Baltimore Orioles are another type of migratory bird on the way north for the breeding season. They will depart again for their winter territories as early as July, so keep an eye on the treetops for bright orange feathers in the next couple of months!
I don’t know about you, but when I think of birds’ nests, I usually think of a sort of bowl made of twigs. Yet not all nests are shaped that way.
Orioles weave distinctive nests, which hang from tree branches like little purses. If you see a little sack made of plant fibers hanging from a branch high in a treetop, you can be pretty sure you are looking at the nest of an oriole.
A female oriole knits a new nest every year, so if you spotted one of these special nests when the trees had no leaves over the winter, you won’t be able to simply return to that nest to see a Baltimore Oriole’s current nesting sight. These birds do, however, sometimes use old nests to collect material to build their new ones, so you might want to check anyway – maybe you’ll get lucky and spot one of these orange and black birds gathering supplies for the new breeding season.
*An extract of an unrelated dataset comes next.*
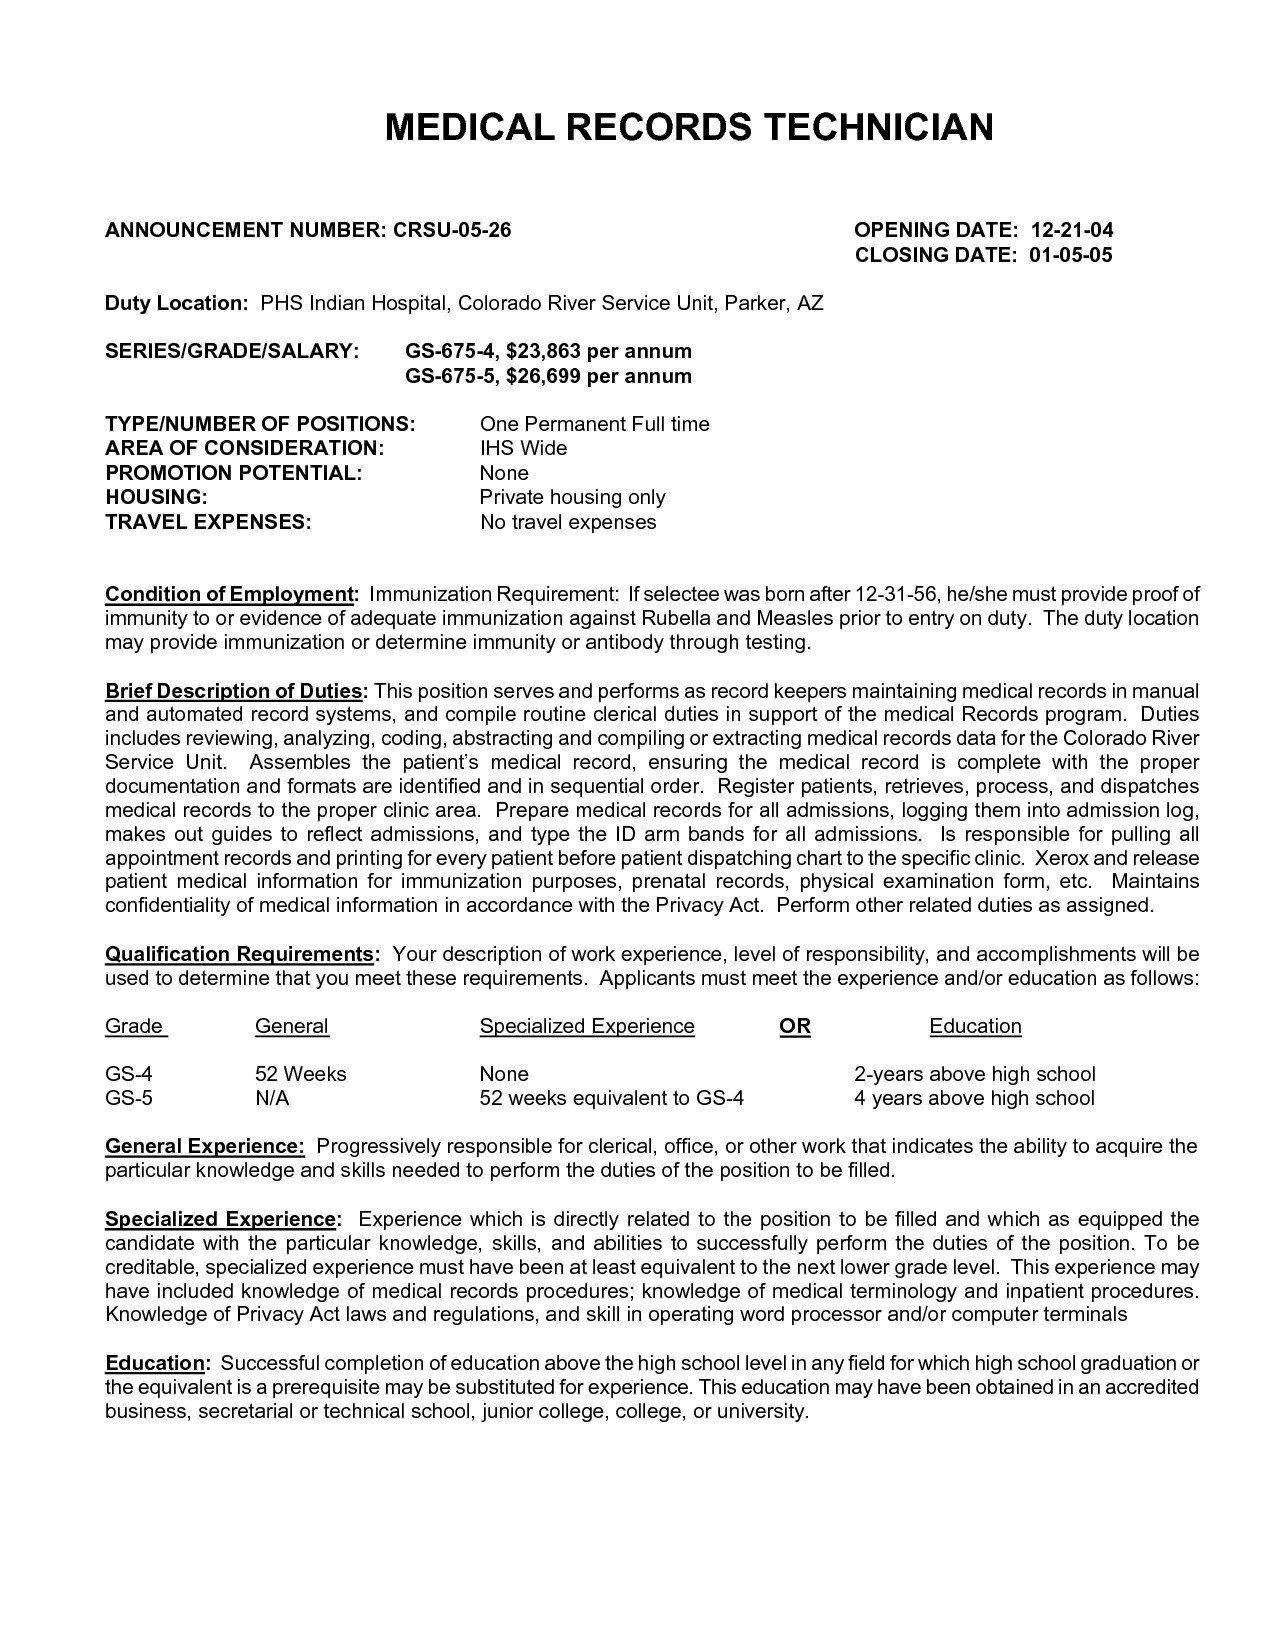 Business owner job description for resume fresh clerk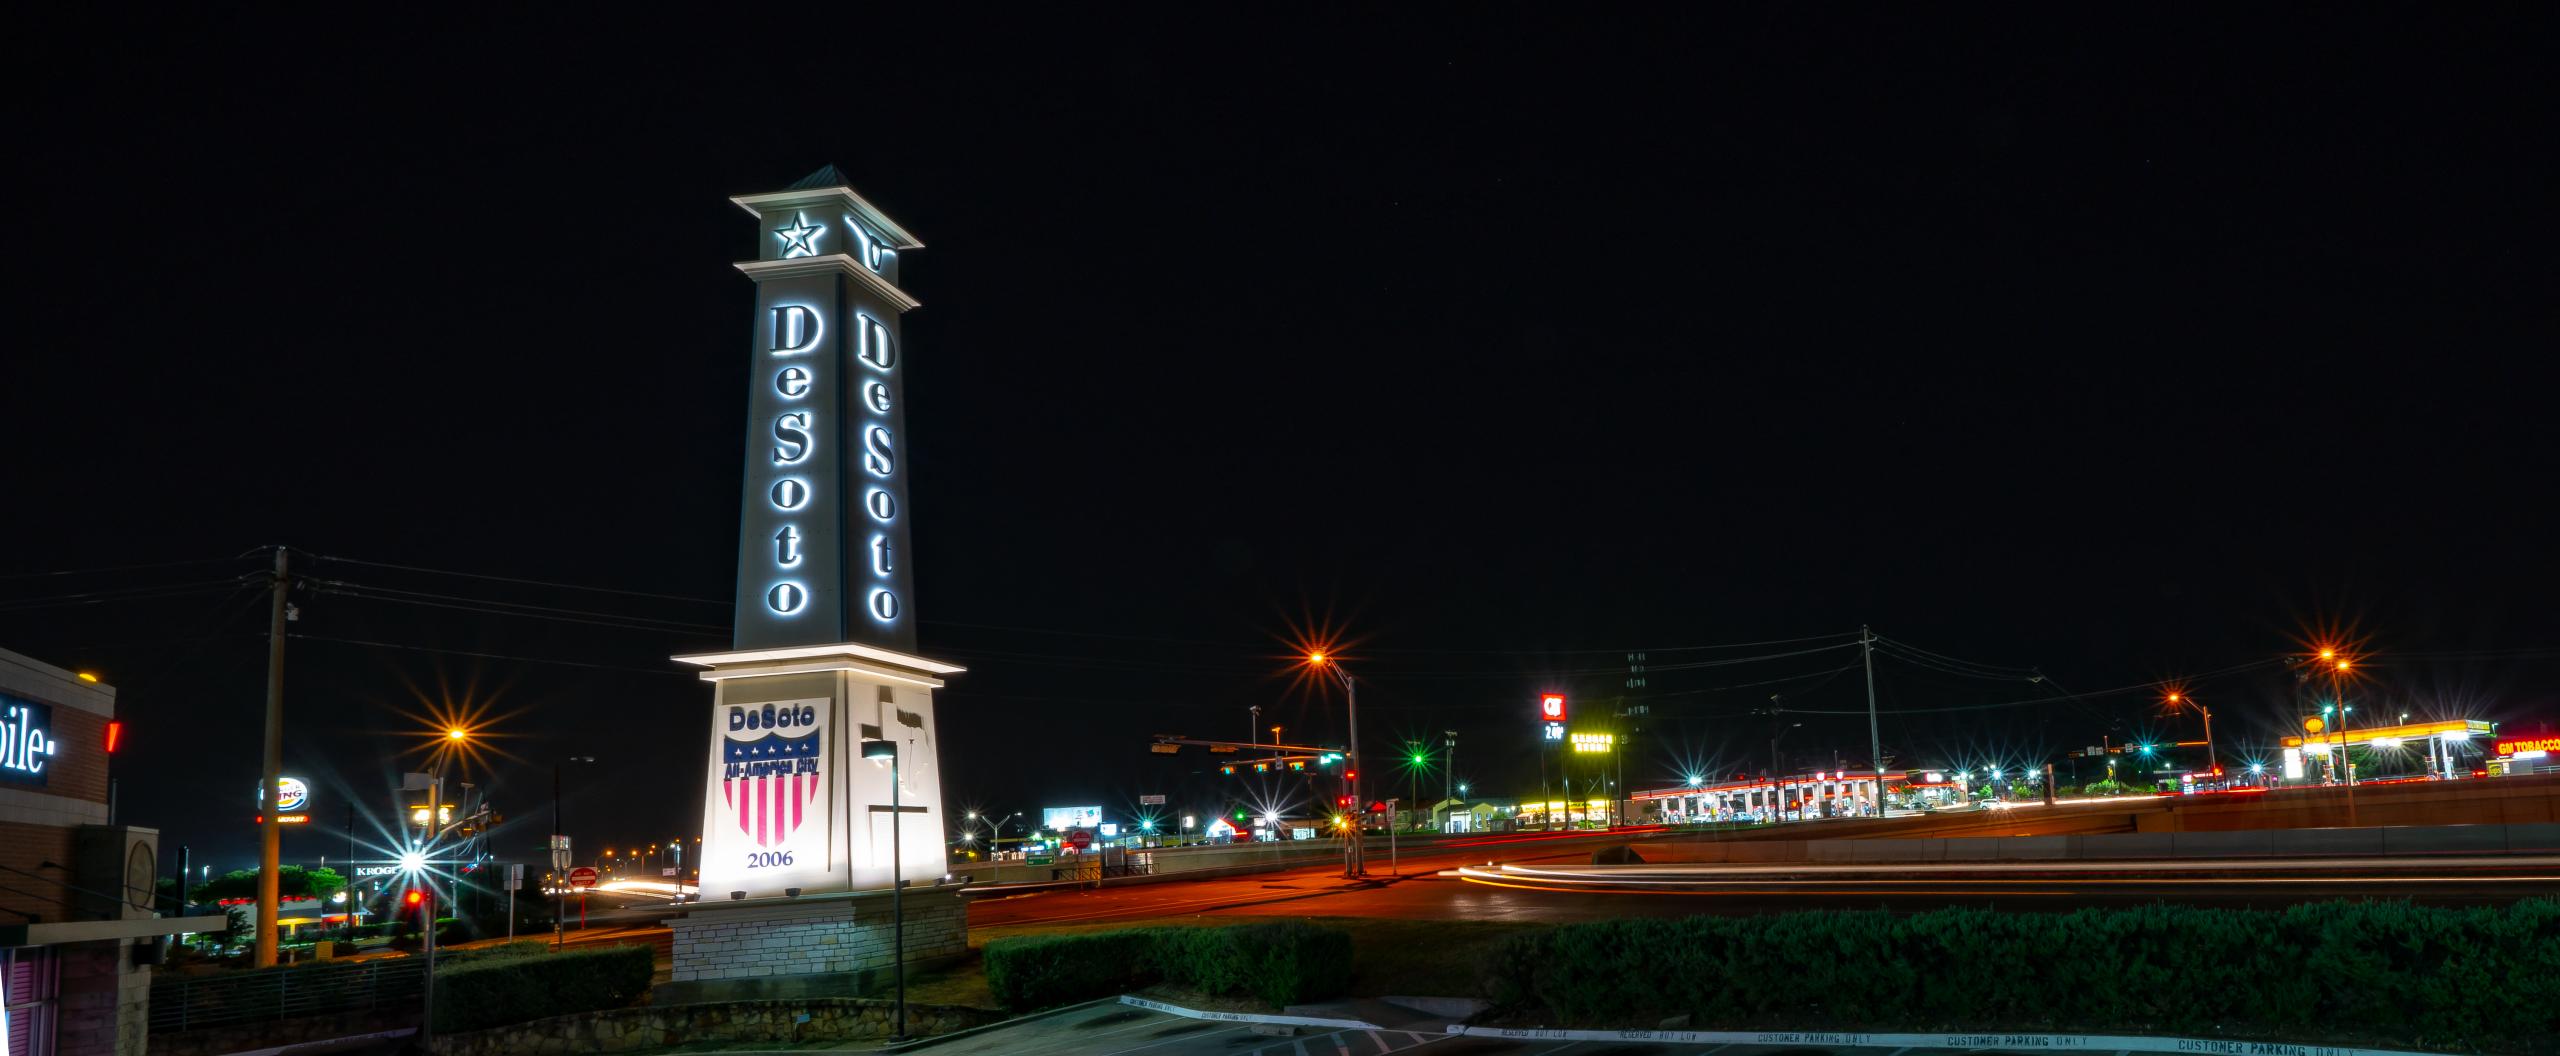 Desoto - All American City

I found a couple of terrific links explaining oriole nest construction. One is a video from the Kansas Department of Wildlife, Parks and Tourism which shows how a Baltimore Oriole builds its nest. The other is a podcast from BirdNote on the same topic. Both are about two minutes long. If you have time to spare, you should definitely check the links out!
Last week I mentioned my summer 2019 goal of finding a hummingbird nest. I am adding finding a Baltimore Oriole’s nest to my list. I’ll be sure to let you know if I find either one!
How about you? Do you have any summer birding goals?